Once you are verified as an Accredited/Qualified Investor on the Platform. You are able to purchase and hold PECs. PEC Holders will receive notifications when Dedicated Token Offerings are launched and Dedicated Tokens may be purchased. The exact terms of the Dedicated Token Offerings will be detailed in the notification. After the Dedicated Token Offerings, Dedicated Tokens may be purchased by Accredited/Qualified Investors from their holders either through the Platform, the liquidity reserve or exchanges.

How can I sell Security Tokens?


Depending on the regulatory requirements applicable to certain investors, securities may need to be locked up for a period after the initial issuance. However, once the token is freely tradeable it will be transferrable either through the Platform or through a liquidity reserve. It is also possible that the security token be listed on certain exchanges that enable trading of security tokens allowing for global liquidity 24/7 365 days a year with instant settlement times. Please note that currently there are no such operating exchanges.
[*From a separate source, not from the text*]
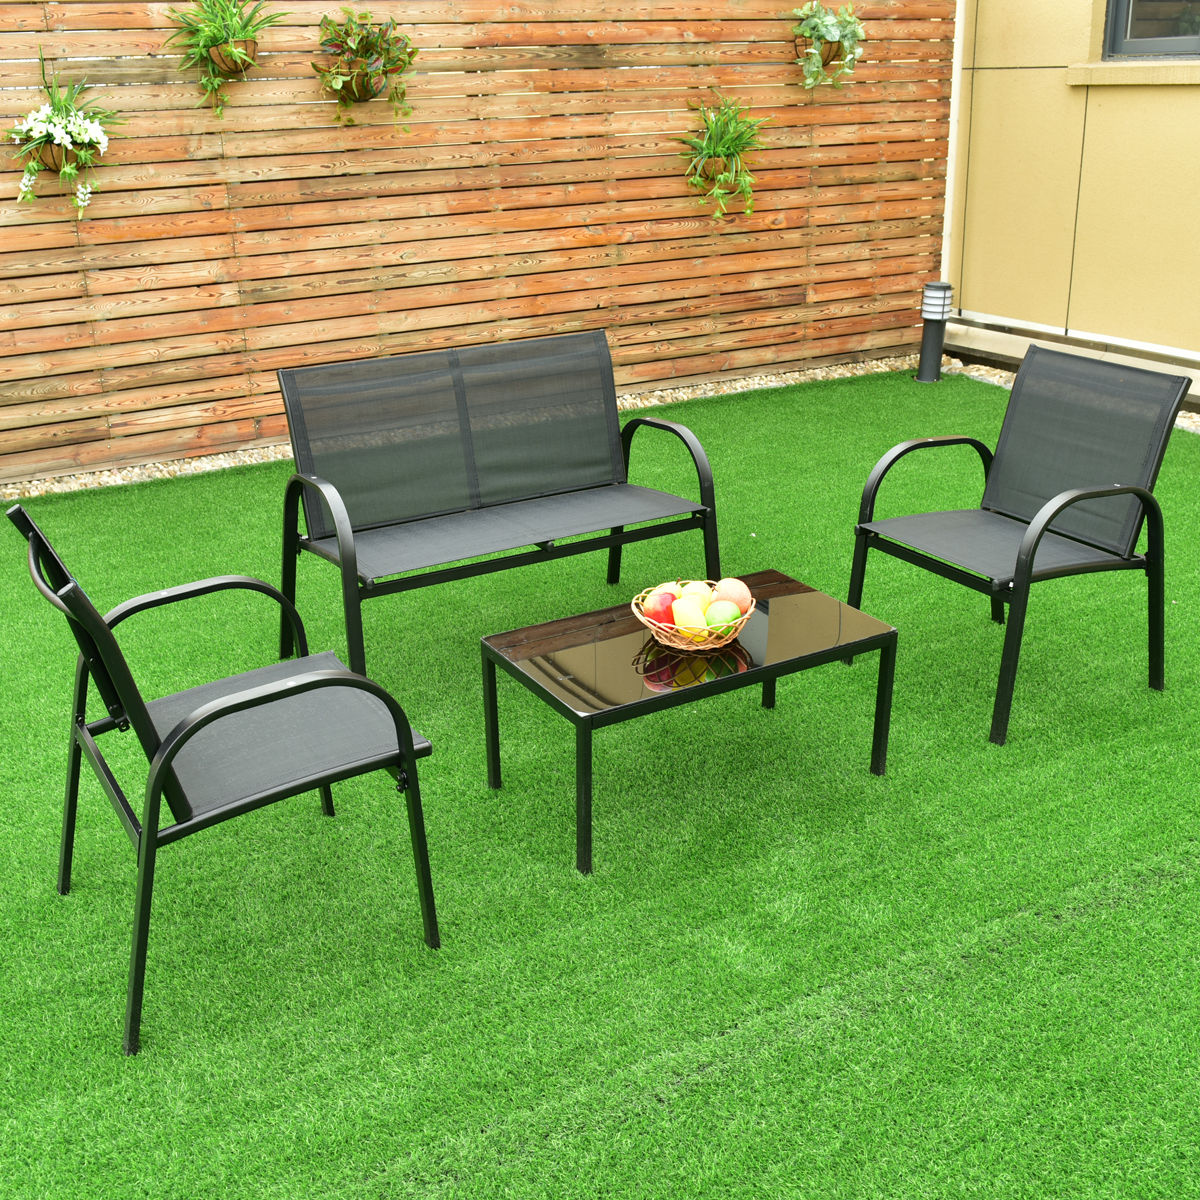 steel frame sofa ikea sectional costway 4 pcs patio furniture set coffee table garden deck black

Both the PEC and the Dedicated Tokens are security tokens, and this applies to them.

What do I own when buying a Dedicated Token?


When buying a Dedicated Token, you own participation rights in the dedicated limited partnership that purchases the private company shares. As a Dedicated Token Holder, you will have the right to receive distributions that arise from the shares upon an Exit/IPO/dividend distribution of the company whose shares are held by the dedicated partnership. After the sale of the shares and distributions of the funds to the Dedicated Token Holders, the Dedicated Tokens are burnt.

What currencies/cryptocurrencies can I use to buy PECs?


USD, EUR, BTC and ETH.

What currencies can I use to buy Dedicated Tokens?


USD. Additional currencies may be accepted in specific Dedicated Token Offerings on a case by case basis. The list of currencies that are accepted will be included in each notice of a Dedicated Token Offering.

When does a Dedicated Token Offering become binding on the investor?


When a PEC Holder notifies the Platform Operator that it elects to participate in a Dedicated Token Offering, it is binding on him or her, however it is subject to the shares actually being purchased by the Dedicated Partnership.

What is a Dedicated Token?


A Dedicated Token is an ERC20 compatible token which represents an equity/asset, more specifically a participation unit in a limited partnership that holds assets such as shares.

What are the requirements to be considered an accredited/qualified investor?


The rules are determined by the applicable regulation, according to the specific investor’s place of residence.

How you intend to issue a security token and comply with the prospectus directive and MIFID II in EU?


We intend to issue a security token, the PEC, that will only be available to accredited or sophisticated investors, as defined in their place of residence. As such, the applicability of the prospectus directive and equivalent regulatory requirements (e.g. the Anti-Fraud requirements in the US), is obviously limited comparing it to a public offering, though, together with our legal advisory, we obviously intend to comply with it and provide all disclosures as part of our offering.